DATA LISTING:

——————————

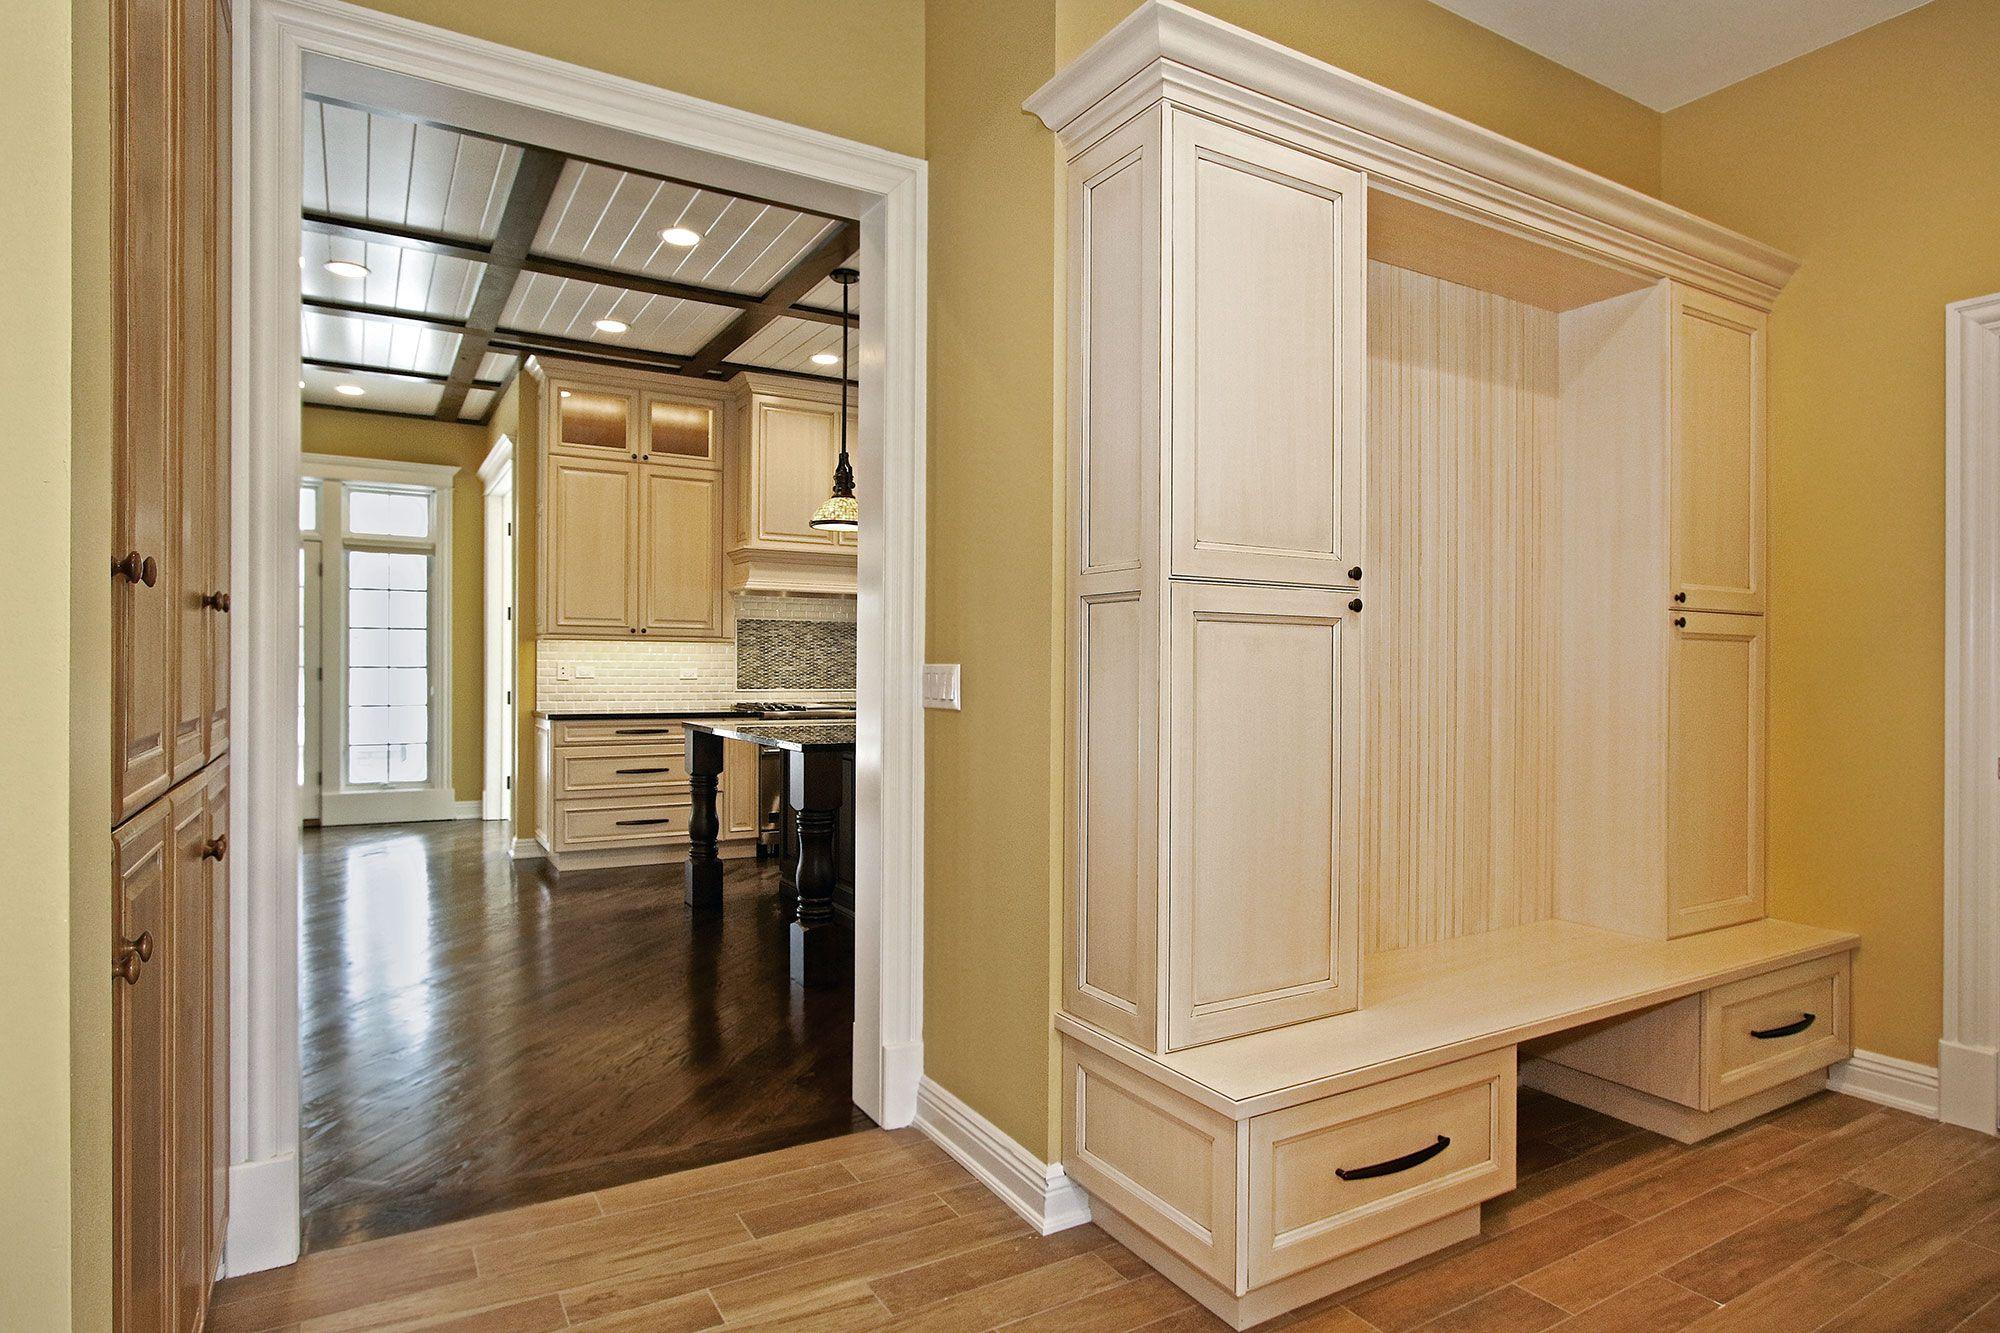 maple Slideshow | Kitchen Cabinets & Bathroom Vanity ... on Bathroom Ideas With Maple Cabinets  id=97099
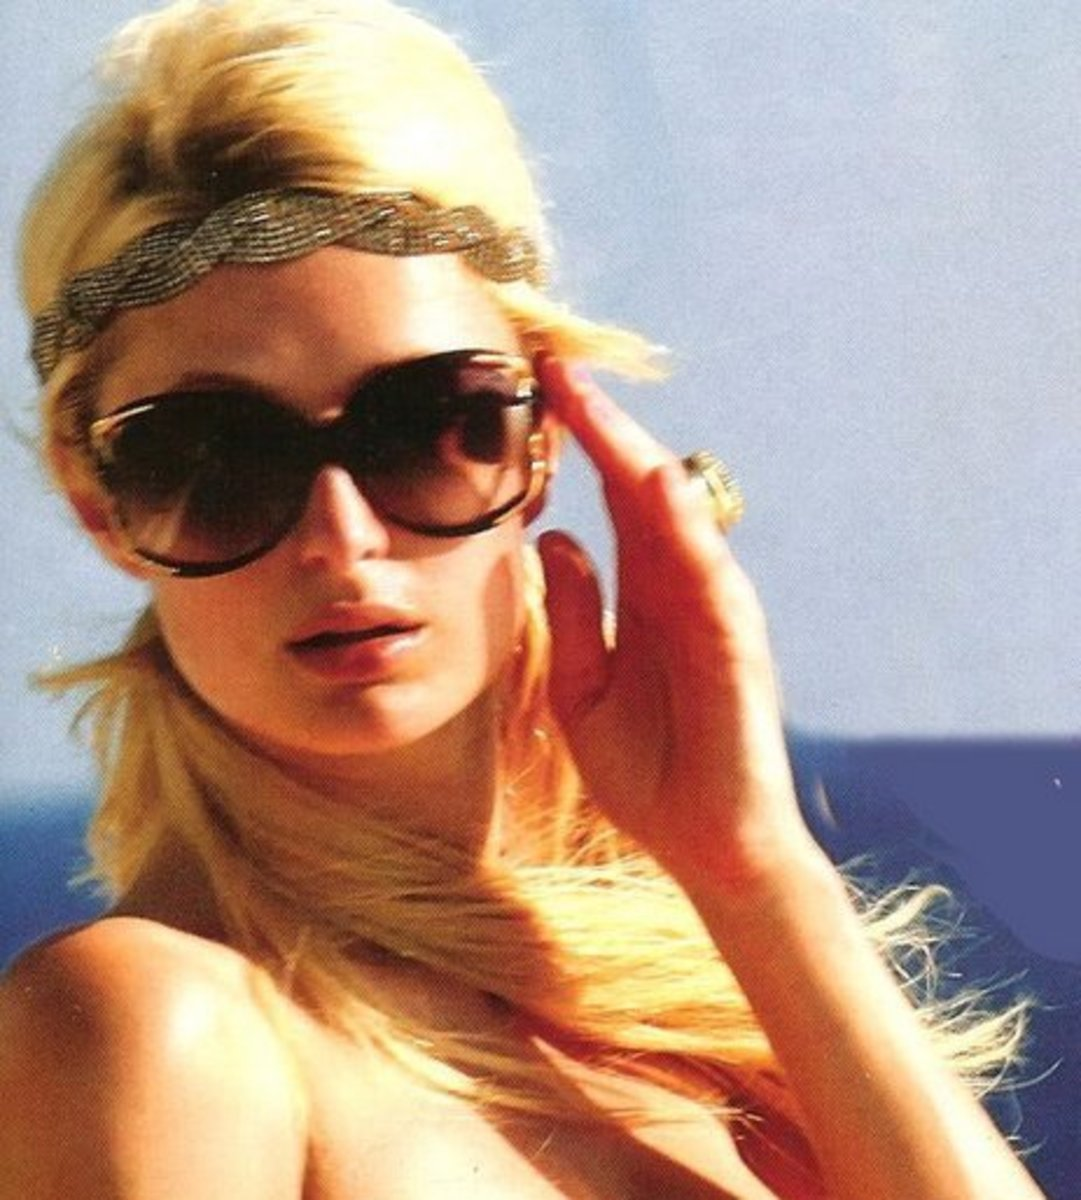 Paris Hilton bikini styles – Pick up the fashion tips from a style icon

——————————

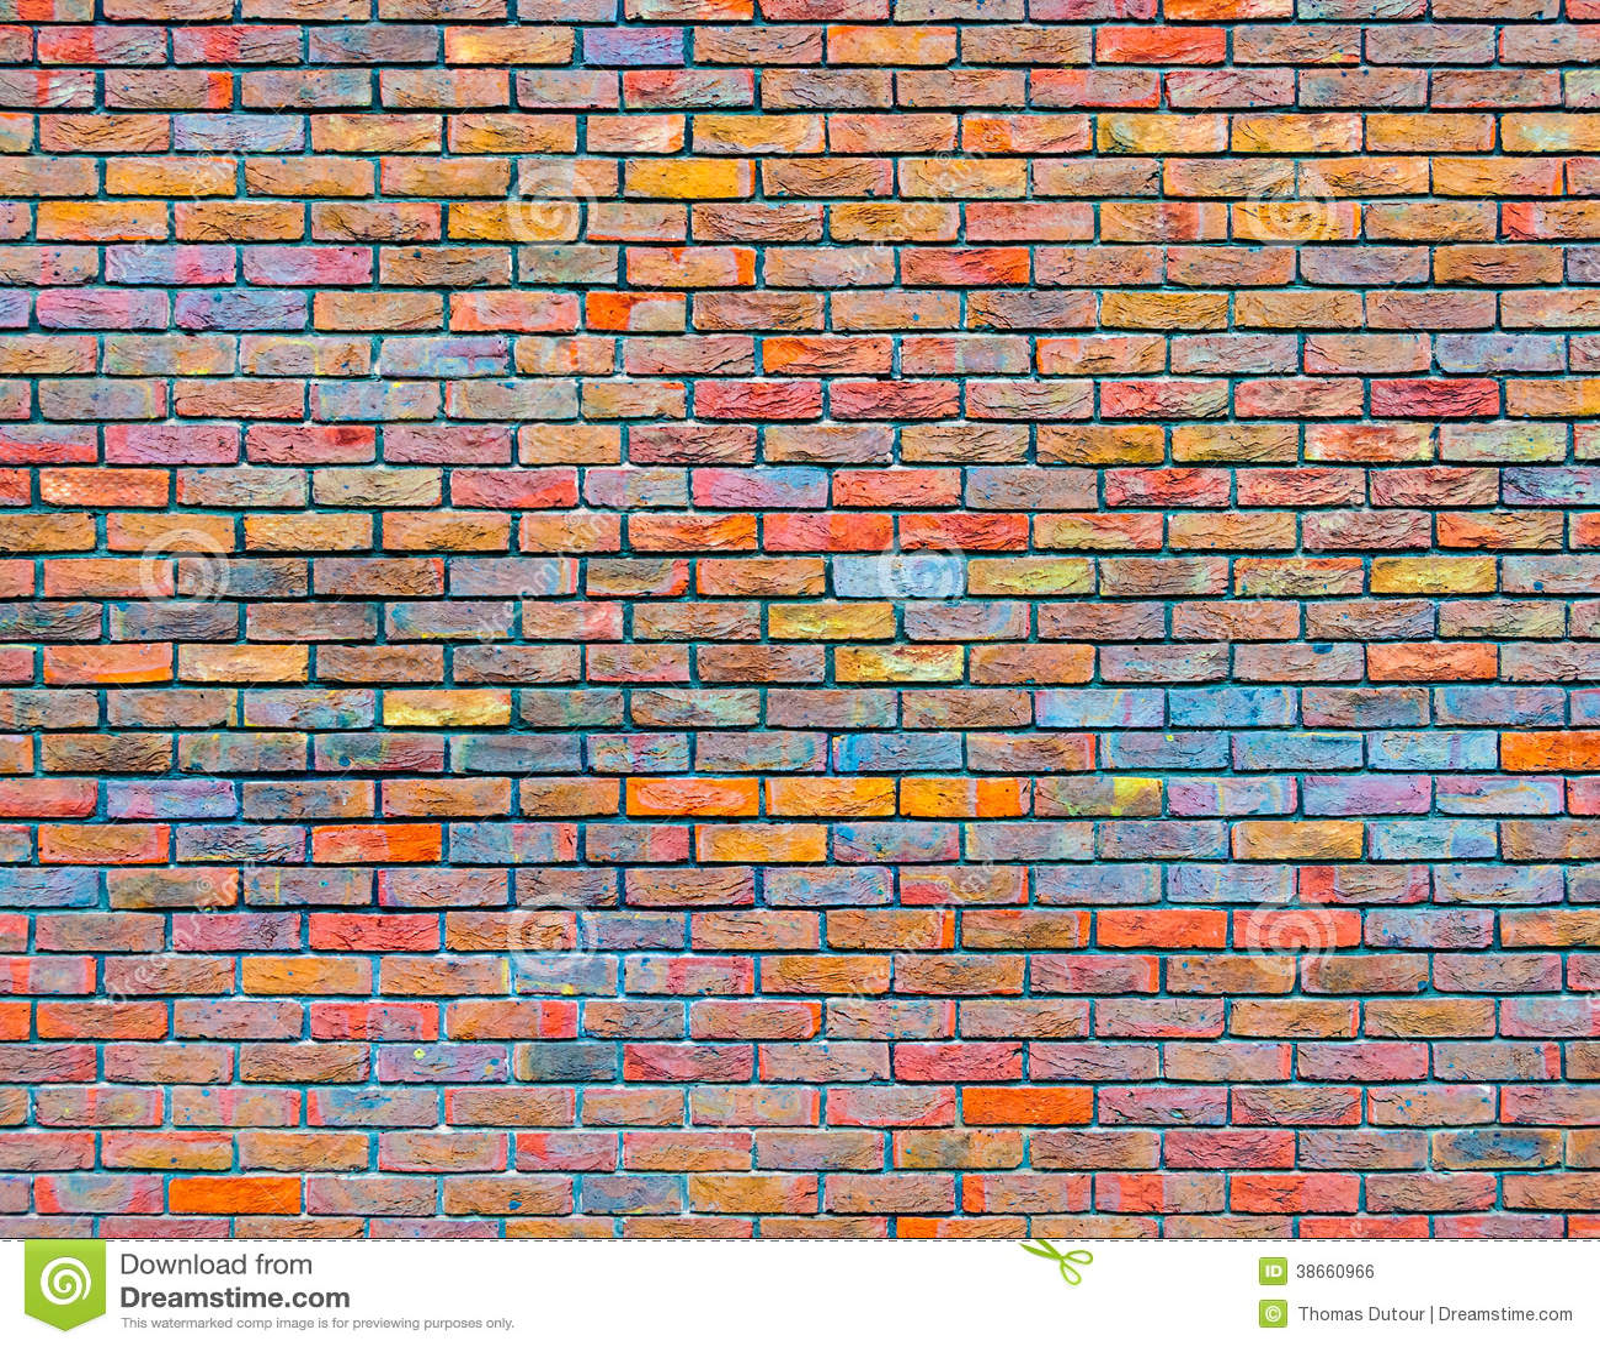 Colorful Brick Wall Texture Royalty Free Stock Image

——————————

PROBLEM DETAILS:
Having found the line with "maple Slideshow |" and the line with "Paris Hilton bikini" in the material above, write out exactly those two and every line between, leaving the pictures out.

EXERCISE ANSWER:
 maple Slideshow | Kitchen Cabinets & Bathroom Vanity ... on Bathroom Ideas With Maple Cabinets  id=97099
 Paris Hilton bikini styles – Pick up the fashion tips from a style icon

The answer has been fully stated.